So Chief Justice Marshall, in 9 Wheat., 204, says, that Congress for one purpose and a State for another may use like means and both be vindicated. And though Congress obtains its power from a special grant, like that of the power "to reg ulate commerce," the State may obtain it from a reserved power over internal commerce or over its police. Hence, while Congress regulates the number of passengers to the size of the vessel, as a matter of foreign commerce, and may exempt their baggage and tools from duties as a matter of imposts on imports, yet this is not inconsistent with the power of a State, after passengers arrive within her limits, to impose terms on their landing, with a view to benefit her pauper police, or her fiscal resources, or her municipal safety and welfare. And the two powers, thus exercised separately by the two governments, may, as Mr. Justice Johnson says, "be perfectly distinct." So, in the language of Chief Justice Marshall, "if executed by the same means," "this does not prove that the powers themselves are identical."

The measures of the general government amount to a regulation of the traffic, or trade, or business, of carrying

*553] *passengers, and of the imposts on imports; but those

of the States amount to neither, and merely affect the passengers or master of the vessel after their arrival within the limits of a State, and for State purposes, State security, and State policy.

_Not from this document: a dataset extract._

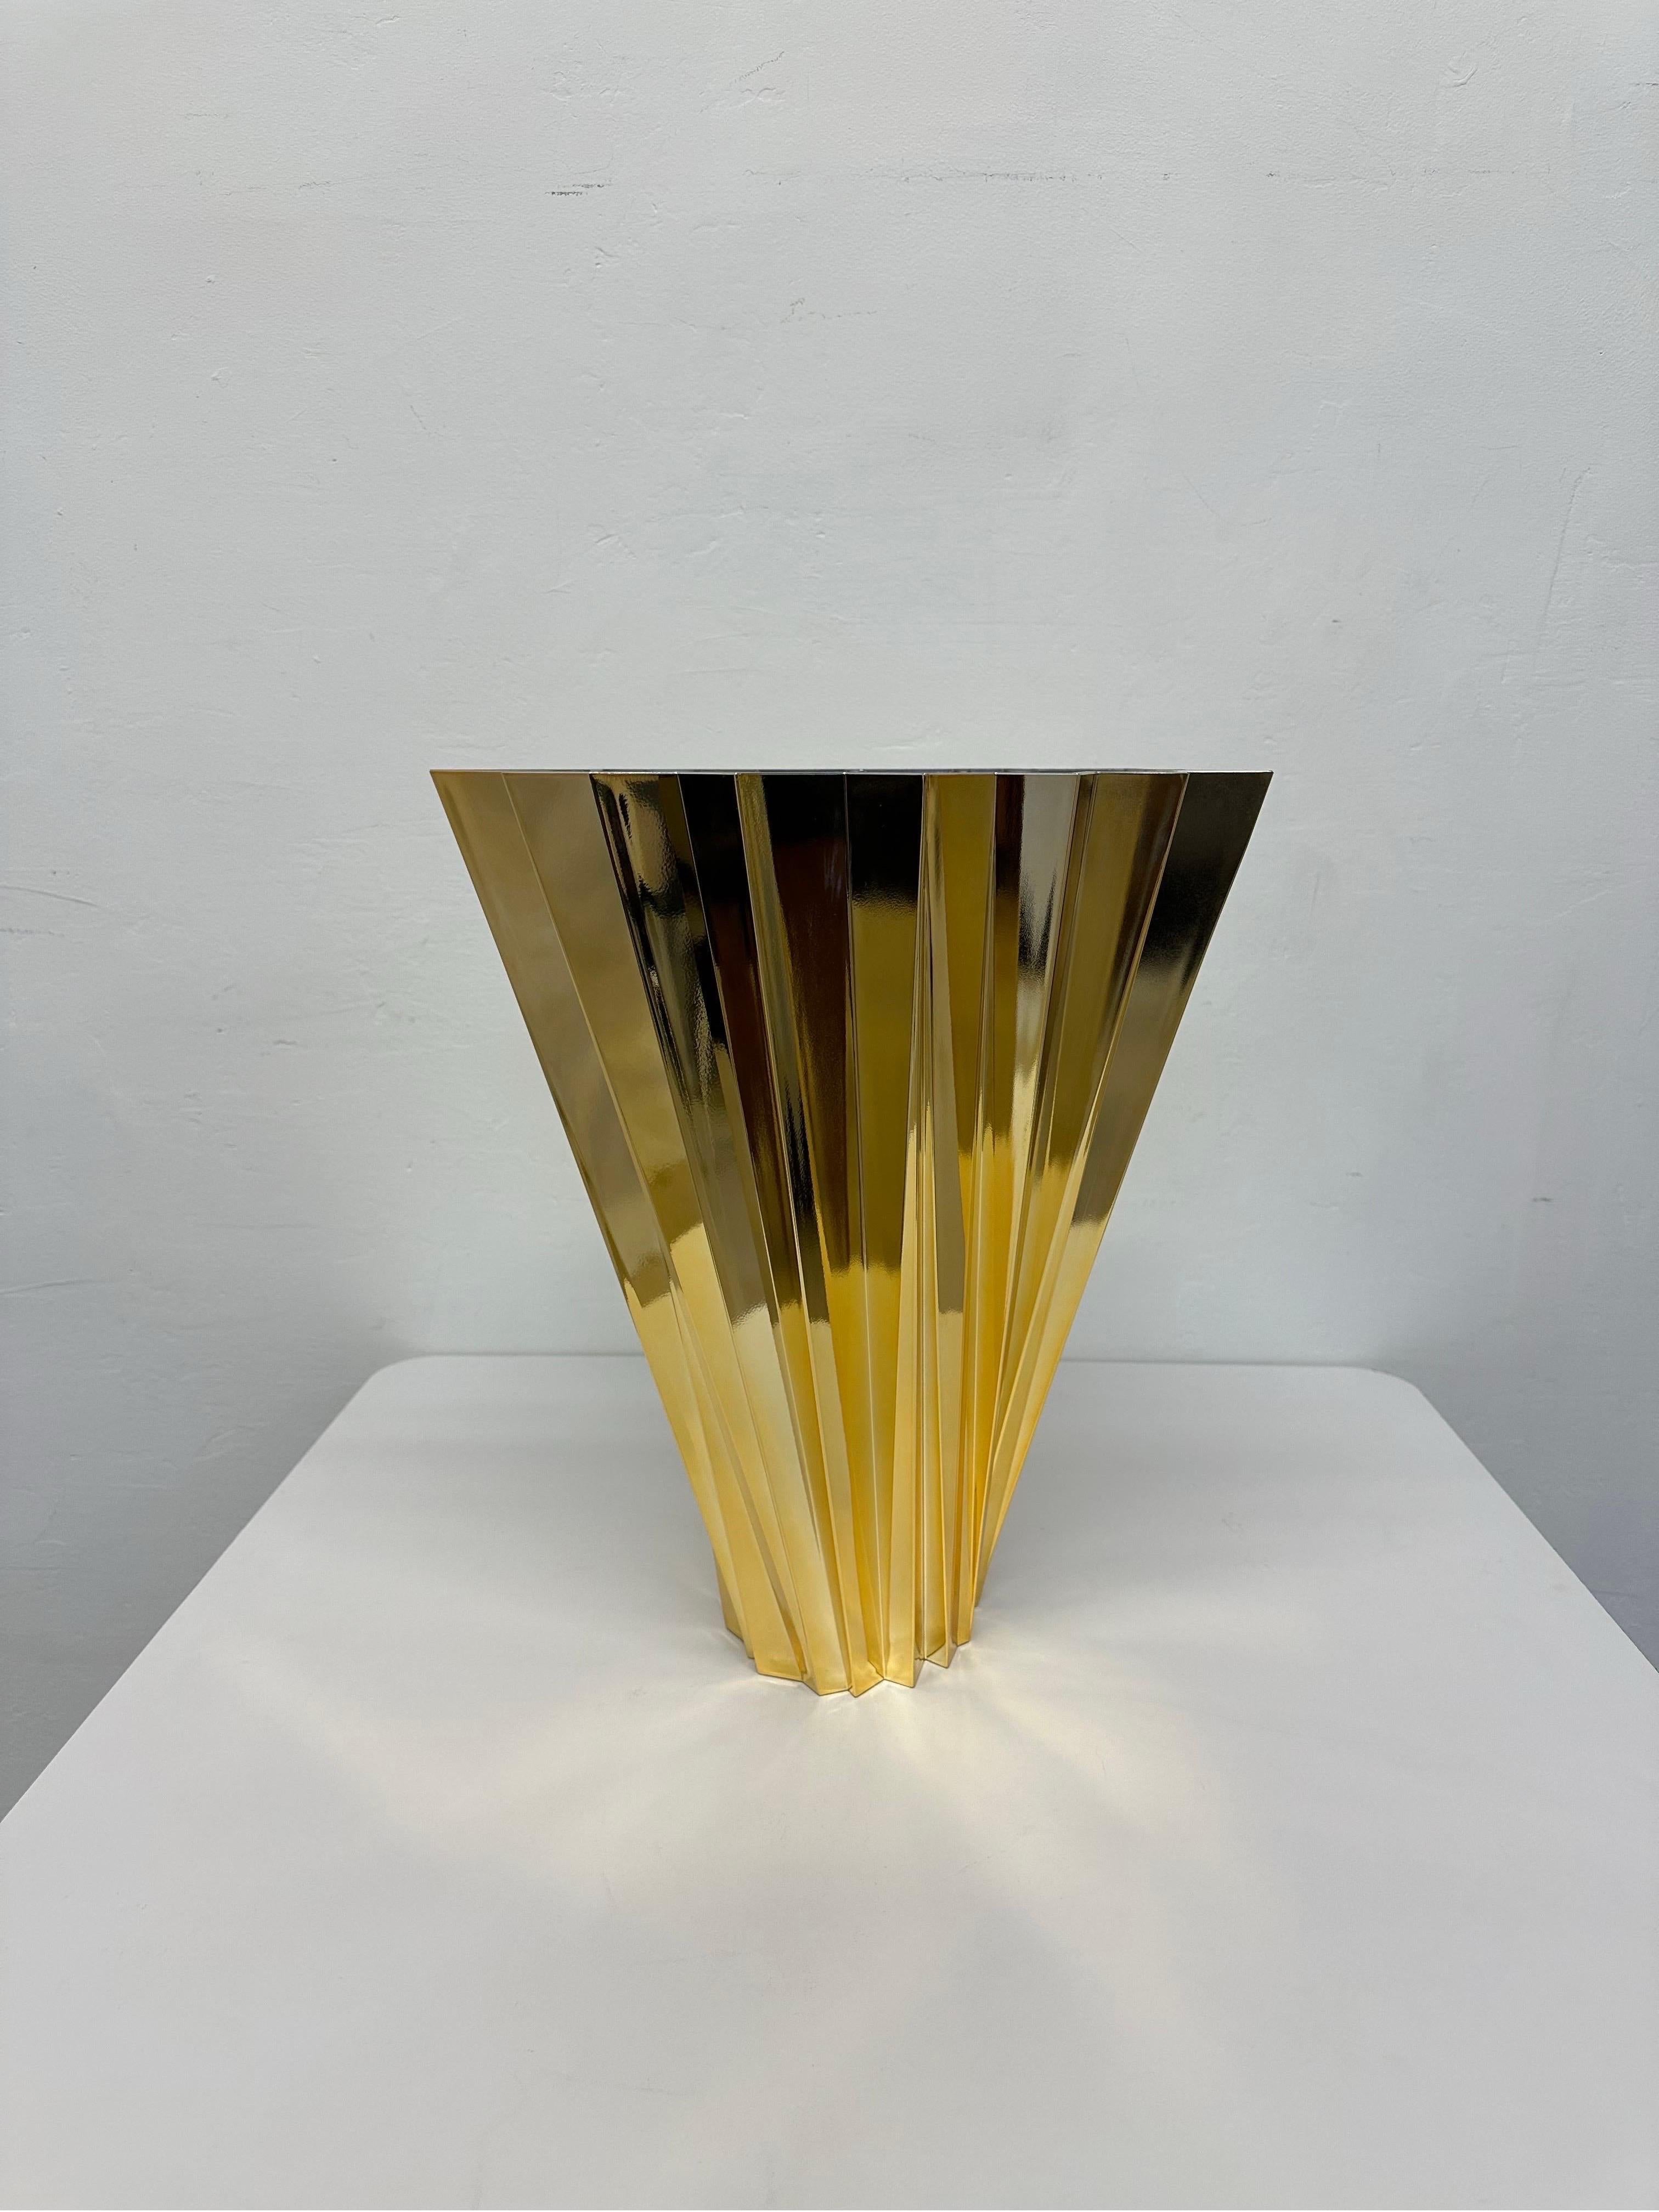 Gold Shanghai vase designed by Mario Bellini for Kartell.

A multi-faceted vase widening from the base to the top in a swirling motion. Shanghai is like refracted light radiating from prism-like crystals with an alternating play of flashes and

As we have before explained, then, if granting that the bringing of passengers is a great branch of the business of navigation, and that to regulate commerce is to regulate navigation, yet this statute of Massachusetts neither regulates that navigation employed in carrying passengers, nor the passengers themselves, either while abroad in foreign ports, or while on the Atlantic Ocean, but merely taxes them, or imposes conditions on them, after within the State. These things are done, as Mr. Justice Johnson said in another case, "with a distinct view." And it is no objection that they "act on the same subject" (9 Wheat., 235); or, in the words of Chief Justice Marshall, although the means used in their execution may sometimes approach each other so nearly as to be confounded" (p. 204). But where any doubt arises, it should operate against the uncertain and loose, or what the late chief justice called "questionable power to regulate commerce," (9 Wheat., 202,) rather than the more fixed and distinct police or taxing power.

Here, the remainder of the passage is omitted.